By Nick Squires | Correspondent of The Christian Science Monitorfrom the October 29, 2007 edition
Page 1 of 3
Innisfail, Queensland - A smear of caramel-colored mud coats a sapling at least three feet up its trunk. "That's a big pig," says professional hog trapper Paul Smith. "See this gash in the bark? That was made by its tusk – it would've been a big male, and it was here not long ago."
A beaten trail leads through the tangled jungle fringe to a small creek, where the banks on both sides are churned up – more evidence that wild pigs rule in this muggy corner of tropical Queensland.

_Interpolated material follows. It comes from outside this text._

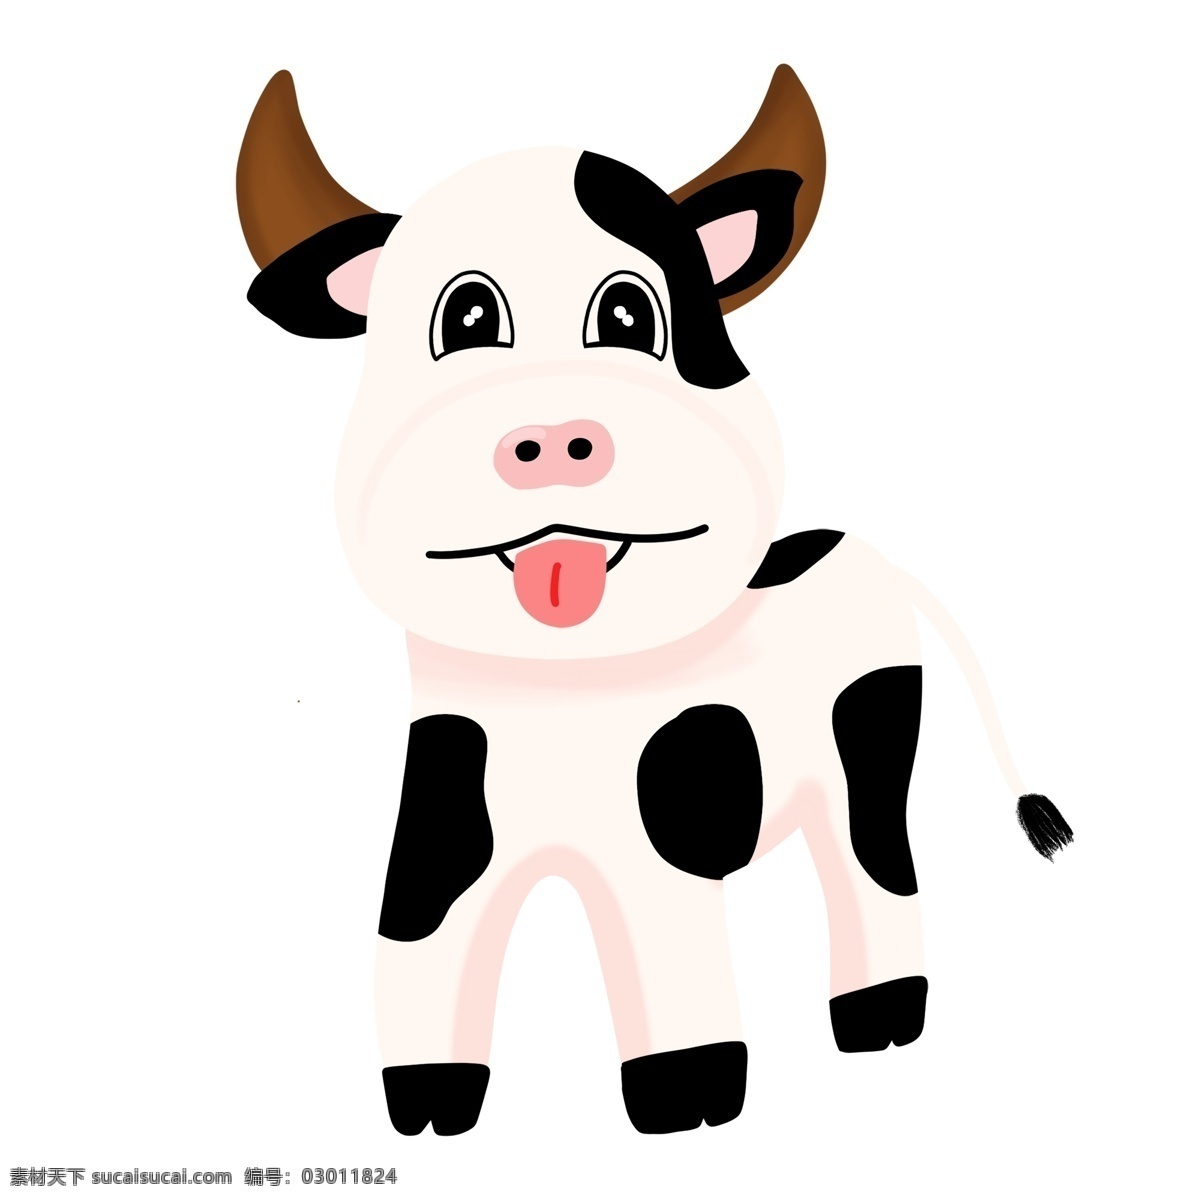 手绘 牧场 卡通 黑白 小 奶牛 可爱 动物 小动物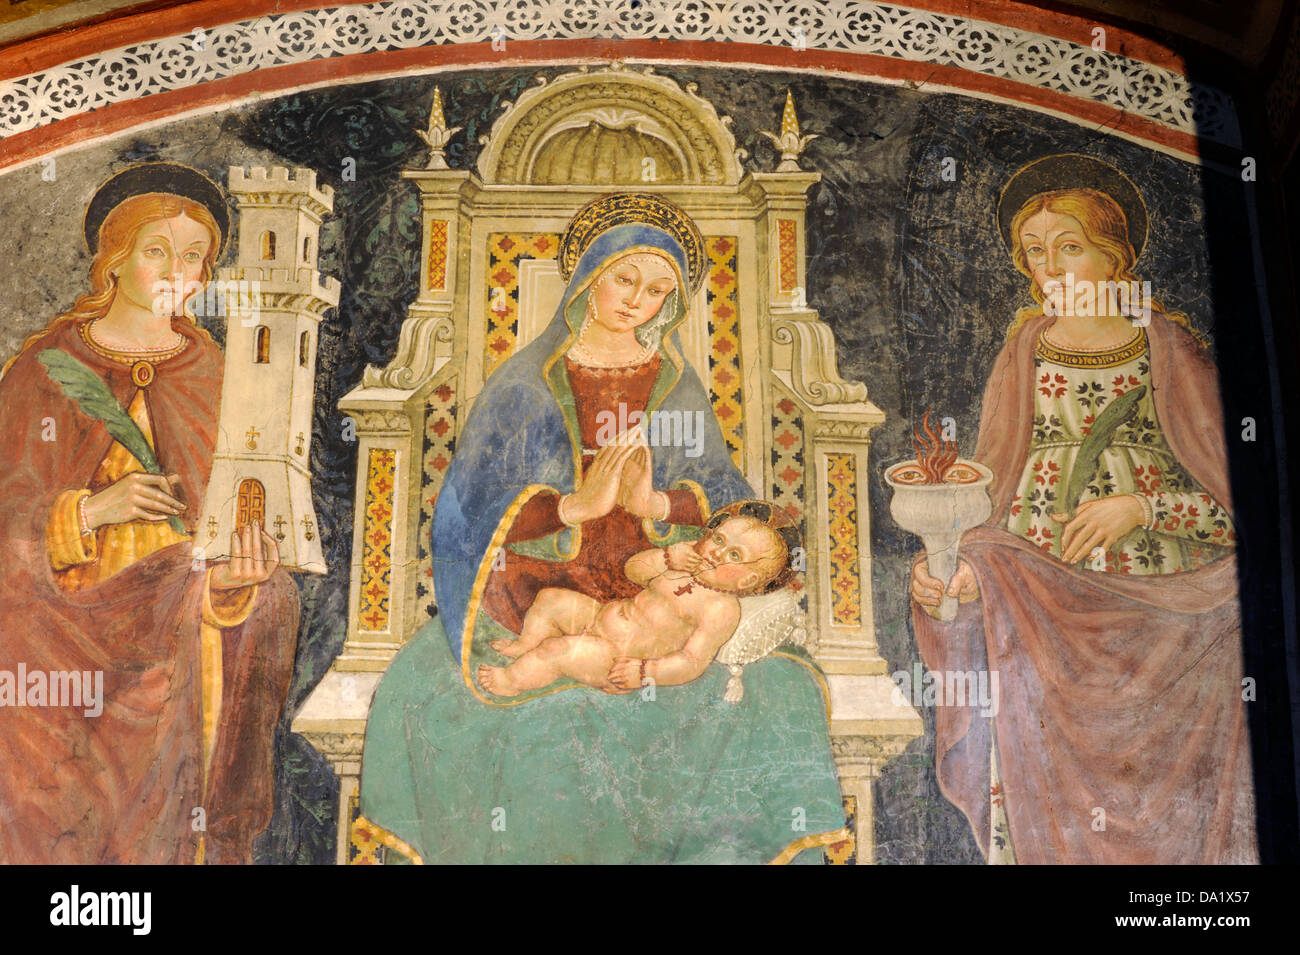 Italia, Toscana, Sovana, chiesa di Santa Maria maggiore, affresco della Madonna (1508 d.C.), pittura rinascimentale Foto Stock

Australia's lush forests and farmlands are hog heaven. But the wild boar are making it hell for everyone else. Blamed for an array of ruinous behavior to the environment and the crops, feral pigs are among the most destructive pests to be introduced by Europeans – and keeping their numbers down is becoming serious business.
The wild boar here are descended from the domestic pigs that 18th century European explorers such as Capt. James Cook released as a living larder for future expeditions. With plentiful food, a balmy climate, and no natural predators – aside from the occasional marauding crocodile and the piglet-poaching dingoes – the pigs flourished.
Government estimates vary, but suggest there could be up to 23 million pigs in Australia.
Feral pigs inhabit about 40 percent of the land, colonizing a range of habitats from forests and mountains to semi-arid savanna, according to the federal agency, Invasive Animals Cooperative Research Centre.
They have also grown bigger and brawnier than their British ancestors. Some razorbacks weigh more than 300 pounds, and the males are capable of goring a human with their formidable tusks.
The pigs are bad news for Australia. They prey on newborn lambs; damage fences; reduce yields of cereal grain, sugar cane, fruit, and vegetable crops; and spread disease, according to the research center.
They also harm the environment. In Queensland, wild boar dig and root along the banks of creeks and rivers, loosening the soil and making it vulnerable to erosion in the annual wet season. The muddy silt eventually washes into the sea and out to the Great Barrier Reef, smothering pristine reefs and killing coral.